There are more than 3 million horses in Mogolia, more than humans. The horses live outdoors all year. In winter it can be  −40 °C, in summer +30. They search for food on their own. Barns, pastures and stables are very rare and the horses are allowed to roam free.
Horses are used both for the daily work of the nomads and in horse racing. Horses are not an expensive luxury item, but a practical part of everyday life. The mares are milked, meat will be eaten; herdsmen regard their horses as both a form of wealth and a source of the daily necessities: transportation, food and drink.

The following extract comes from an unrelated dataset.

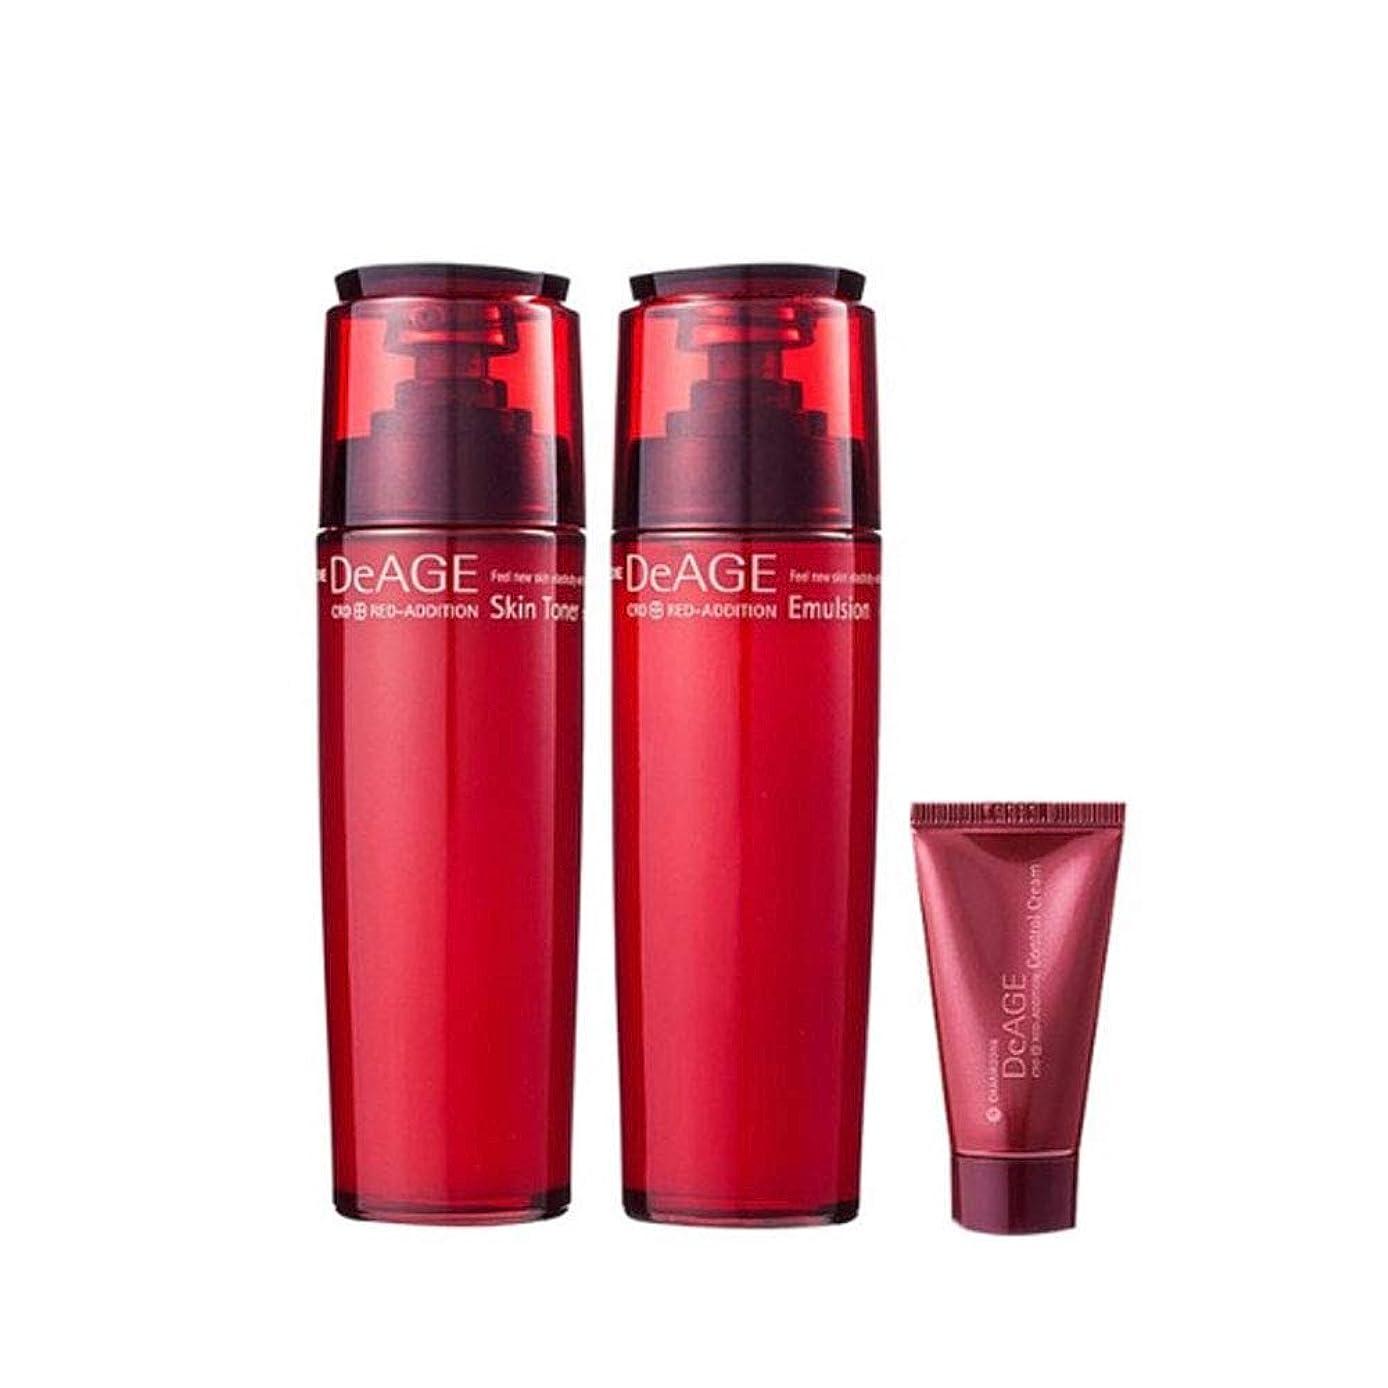 他の場所拒絶子音チャムジョンディエイジレッドエディションセット(スキントナー130ml、エマルジョン130ml、コントロールクリーム15ml)、Charmzone DeAGE Red Addition Set(Skin Toner 130ml、Emulsion 130ml、Control Cream 15ml) [並行輸入品]

Though Mongolian horses are small (a Darkhad horse weighing only 250 kg), they are also very strong and used to carry quite large, heavy riders and loads, even 300 kg. This ability is due in part to the rider habit of frequently switching off horses. When pulling a cart, a team of four Mongol horses can draw a load of 4400 lbs for 50–60 km a day.

Horses are generally considered the province of men, although women also have extensive nowledge of horsemanship. Men do the herding, racing and make the tack. Traditionally, men also milk the mares, in modern times women, too. 

These horses are allowed to live much the same as wild horses and they are not groomed like ours. The hooves are untrimmed and unshod but mongol horses have hard, strong hooves and seldom any foot problems. Mane trimming varies by region, stallions are always left untrimmed; a long, thick mane is considered a sign of strength. The sole grooming tool used is a brush and the tail is generally left unclipped.


Mongolian horsemen learn everything necessary to care for a horse. There are no trainers, farriers or veterinarians, each man has to learn these things. For difficult problems, the local elders may be called in or even an outside vet if one can be found. Information is passed down orally from parent to child.

"It is a pleasure to see the Mongols in association with their horses, and to see them on horseback is a joy. The strength, swiftness and elegance of a Mongol surpass that of any ballet dancer."

Mongolian nomads have long been considered to be some of the best horsemen in the world. During the time of Genghis Khan, Mongol horse archers were capable of feats such as sliding down the side of their horse to shield their body from enemy arrows, while simultaneously holding their bow under the horse's chin and returning fire, all at full gallop.


Today as in the Middle Ages, parents will place their child on a horse and hold them there before the child can even hang on without assistance. By the age of 4, children are riding horses with their parents. By age 6, children can ride in races and by age 10, they are learning to make their own tack.